Because women are devalued during these systems, effective witnesses haven’t much motive to listen to sexual harassment complaints or do something to aid female victims. The analysis into Cuomo’s conduct concluded: “This culture of fear, violence, and retribution co-existed within the Executive Chamber with one which recognized and normalized everyday flirtations and gender-based comments through the Governor.”
Finally, mythologies about sexual harassment are often present in social systems like the one which encircled Cuomo. These misguided beliefs deny that sexual harassment has happened, frequently by questioning women’s complaints – for instance, suggesting that false allegations are typical. Or they downplay the gravity of those offenses.
When harassment becomes indisputable, myths lead network people to proceed to justify it: absolving harassers of responsibility or blaming victims – asking what women did to ask sexual advances.
Myths like these silence network people because speaking up will probably be futile or perhaps harmful. Through the report, senior staff people in Cuomo’s office denied wrongdoing by Cuomo.
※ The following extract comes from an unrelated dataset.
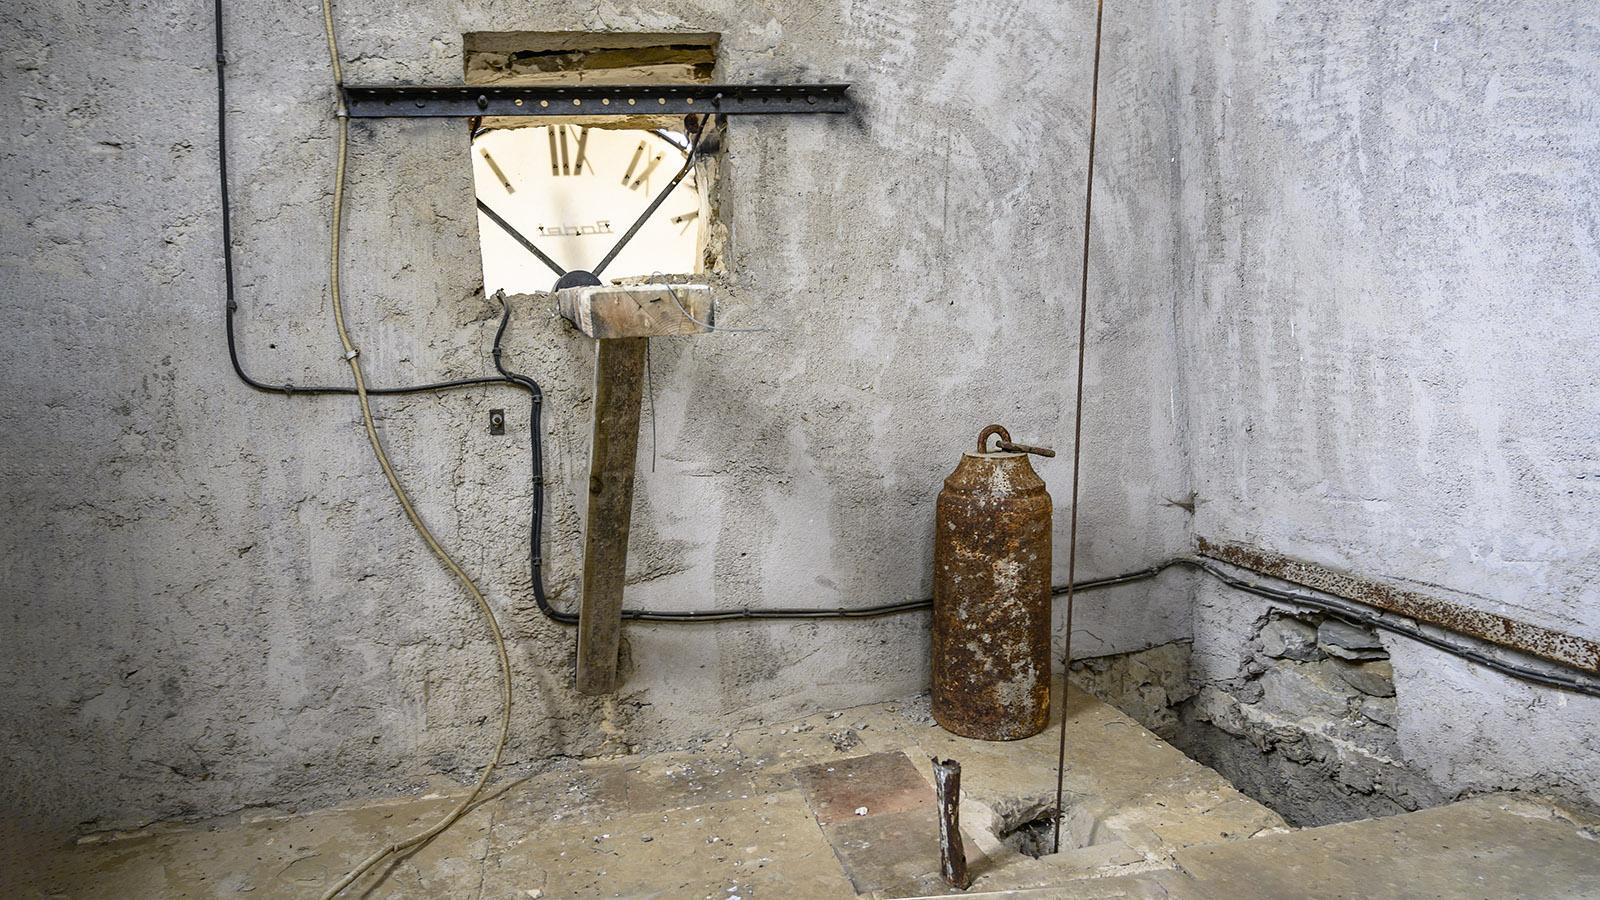 La Serpent: Stillleben hinter der Kirchturmuhr. Foto: Hilke Maunder

One victim, Ana Liss, testified that Cuomo had held her hands, kissed her oral cavity and been flirtatious. She didn’t wish to report it because “the atmosphere within the Executive Chamber discouraged her … she was fully expecting the Governor’s team would deny, deny, deny, character assassinate.”
It’s rare that scholarly research and current occasions so perfectly reflect one another. However the Cuomo situation is – no metaphor here – a textbook illustration of a network of complicity and silence around sexual harassment.